Bahkan, ditengah pandemi COVID-19, penggarapan blog SGPC tetap berlangsung seperti sediakala walau untuk mengumpulkan data koran dari daerah luar mustahil dilaksanakan karena harus mematuhi physical distancing untuk keselamatan bersama. Bahkan, mimin tak segan menulis artikel gedung yang sangat tak signifikan untuk ditulis, tetapi tetap ditambah untuk keperluan dokumentasi. Di masa ini, penulis tamu Modar Jaya Abadi, membawa tulisan berupa sejarah pusat perbelanjaan ke dalam blog ini.

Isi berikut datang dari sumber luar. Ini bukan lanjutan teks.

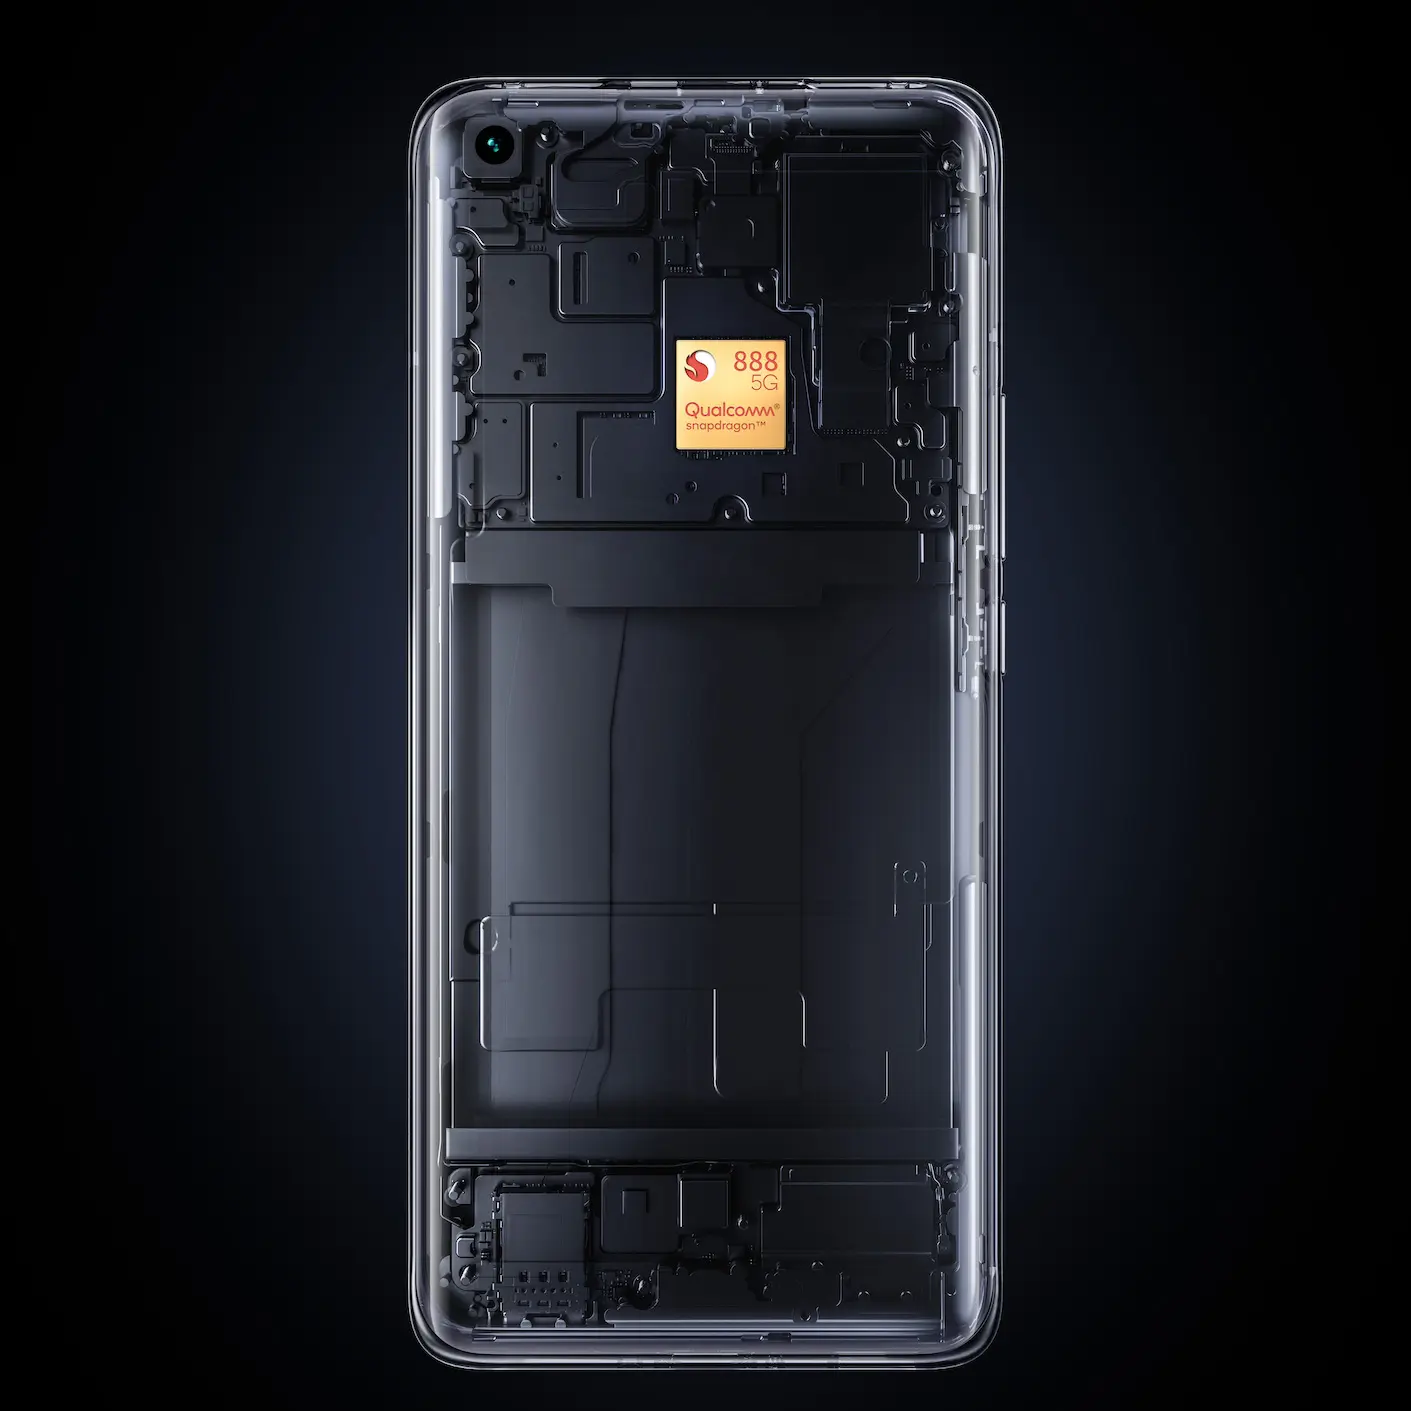 Xiaomi Mi 11 revealed Snapdragon 888
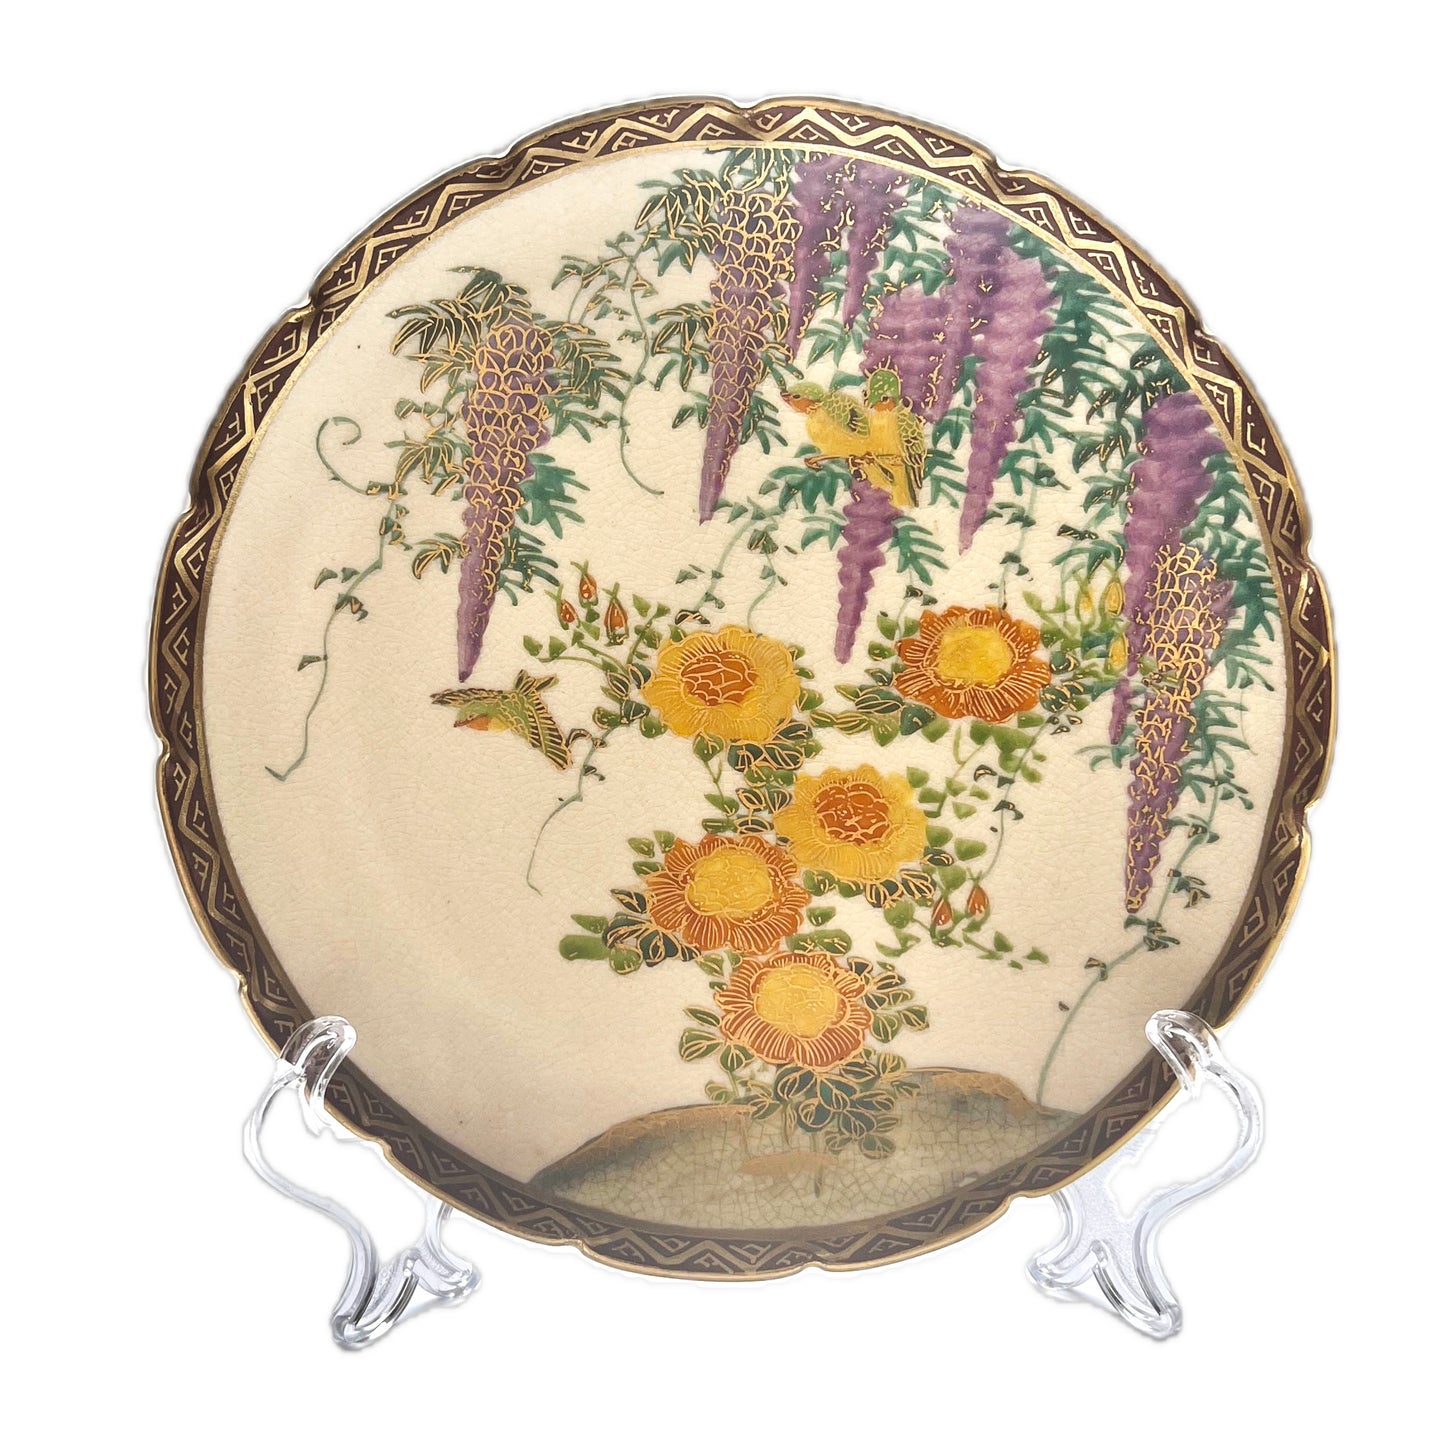 Early 20th century Satsuma Wisteria Flower plate by noted maker Koshida 越田, Taisho Period

Mimin mengucapkan terima kasih kepada teman-teman di luar blog untuk asistensinya mencari sumber-sumber koran (mis. Jawa Pos dan Suara Merdeka) dan penjual-penjual majalah bekas yang membantu mimin mengumpulkan majalah yang diinginkan.

Ada yang hilang saat pembuatan blog ini?

Cukup banyak. Berikut daftar dari “masih belum ditemukan” dari blog ini:

  1. Profil gedung modern yang banyak mendapatkan perhatian masyarakat atau dengan potensi sumber bejibun seperti Wisma Nusantara, Hotel Indonesia, Arthaloka, Gedung DPR/MPR-RI (kecuali gedung Nusantara I).
  2. Gedung yang besar tetapi sumbernya sangat susah untuk dicari terdiri dari Kantor Pusat Pertamina, kompleks Bank Indonesia dan Hotel Sheraton Media.
  3. Kota-kota di luar Jawa. Representasi gedung luar Jawa di SGPC sangat sedikit, jangankan luar Jakarta.
  4. Arsitektur di sebuah kota secara garis besar beserta profil firmanya. Bila anda membaca buku arsitektur secara nasional, akan sangat kompleks, karena gabungan faktor politik, sosial dan budaya sangat berperan penting dalam pembentukan arsitektur. Karena mimin hanya seorang hobbyist, mimin berjanji akan membahasnya, hanya saja tidak tentu menambah faktor-faktor tersebut.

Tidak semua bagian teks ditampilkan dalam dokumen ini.